Types of IND Applications
A potential new drug needs IND approval to enter the clinical investigation part of development. IND approval must be completed before the new drug application can be submitted for approval to market to doctors and patients. IND applications must contain three types of information:
- Toxicology study data — before going to clinical trials a drug needs to be tested in the laboratory. Data from these pre-clinical tests is included in the IND application to demonstrate the product is reasonably safe to give to people. Ultimate safety cannot be determined until clinical trials are performed, but there must be some basis for assessing risk to humans. Another piece of information that is helpful is any experience humans may have with taking the drug. This is usually data from foreign use of the drug or substances like it.

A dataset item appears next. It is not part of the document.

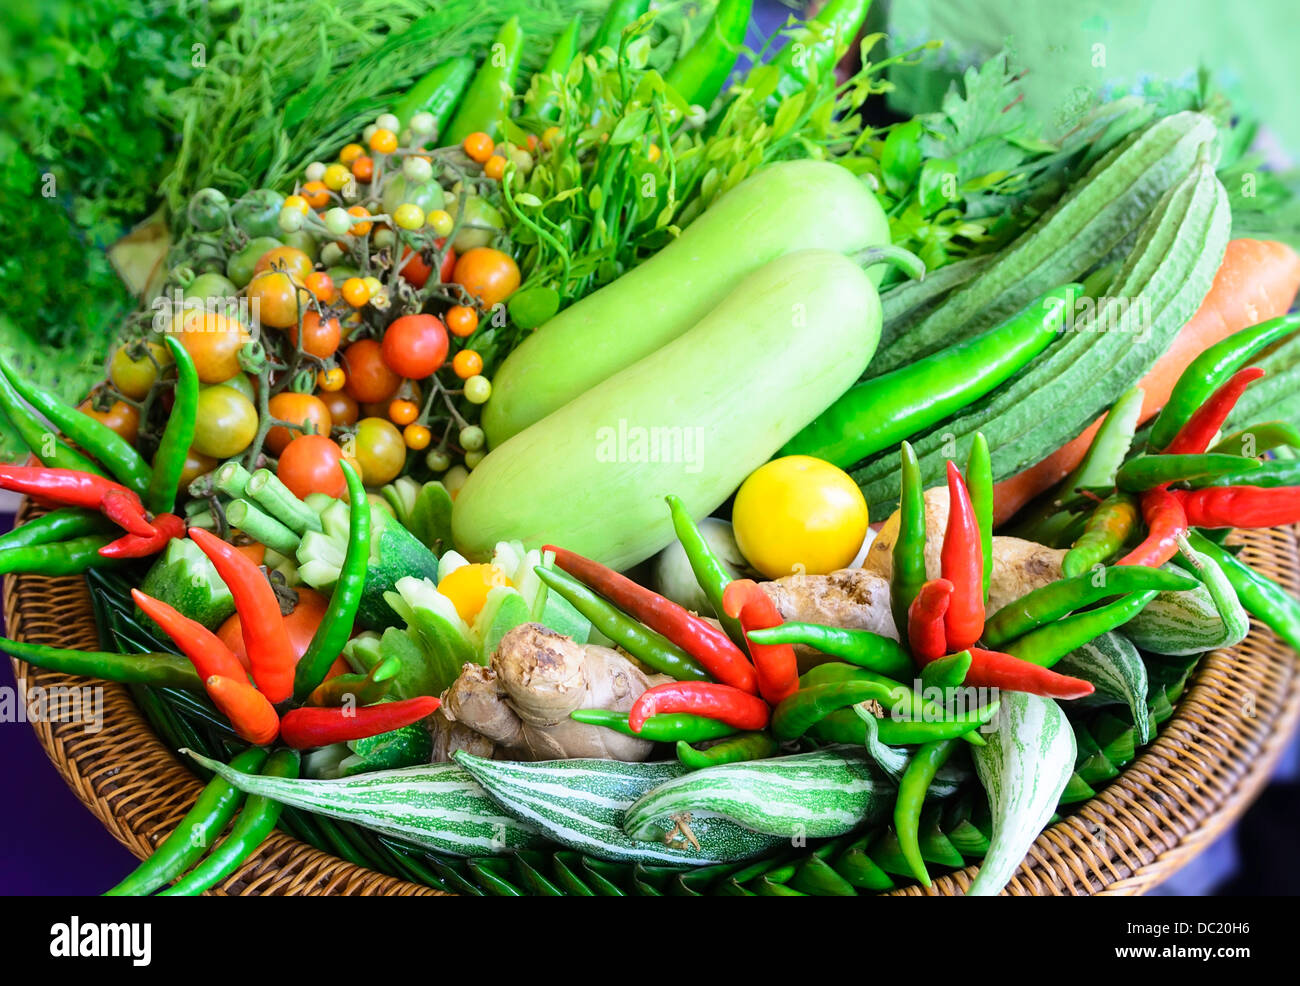 Bellissima la dieta alimentare frutta fresca salute sano verde pasto mercato nutrizione naturale organico gustosi dolci verdure vegetale Foto Stock
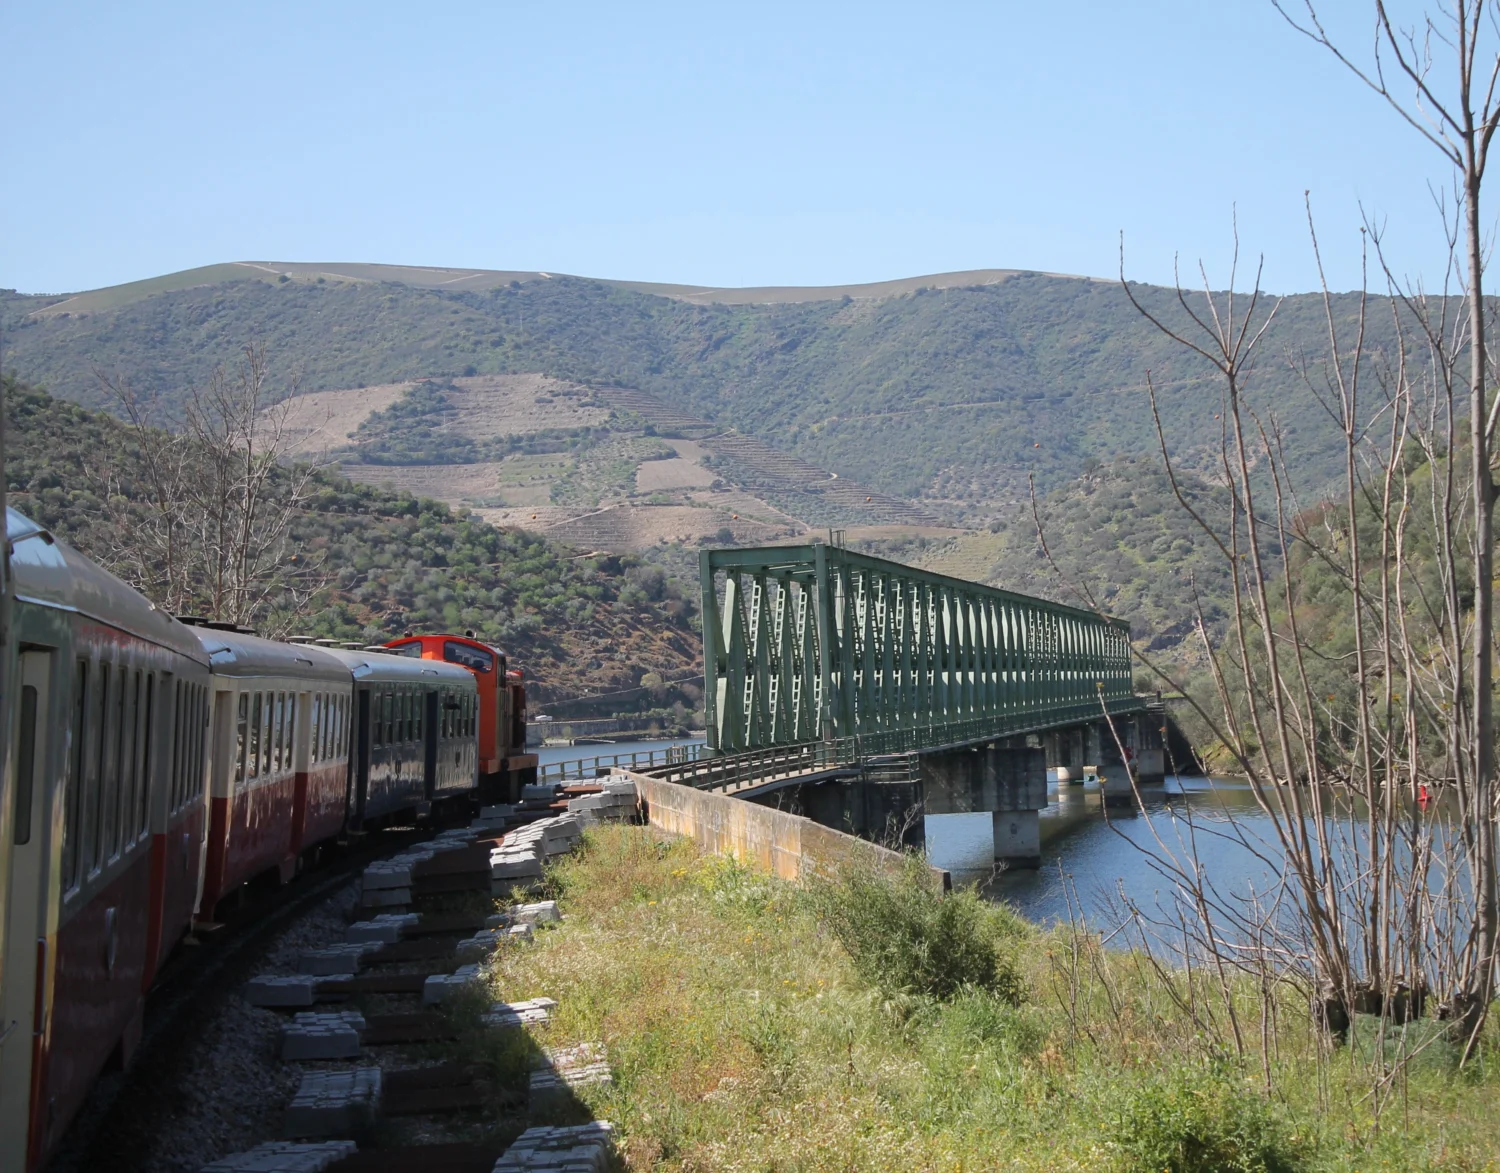 Zug fährt in Rechtskurve über Metallbrücke vor hohem Bergkamm. Blick aus dem Zugfenster

- Clinical protocols — the plan for all clinical trials is included in the IND application for FDA review. This section of the application also includes the qualifications of the professionals who will oversee the clinical trials.
- Drug production — the ingredients and production method of the drug need to be revealed in the IND application, along with its stability and any other information concerning what is in it and how it might be reproduced.
With a completed application, the FDA has up to 30 days to review this information and issue an IND. After that, clinical trials can begin.
Types of INDs
An IND is required in the development of a new drug, but there are other types of INDs issued by the FDA:
Emergency Use IND — The FDA may authorize the use of an experimental drug for patients who do not fit the study criteria or as treatment in a life-threatening situation when there is no time to wait for an IND.
Investigator IND — Submitted by a doctor for research on an un-approved drug or a new indication for an approved drug. The FDA approves the doctor who submitted this application to administer the drug and conduct the investigation.
Treatment IND — this allows an experimental drug to be used to treat a patient while the FDA is conducting its review of the drug. It is only approved for serious or life-threatening conditions.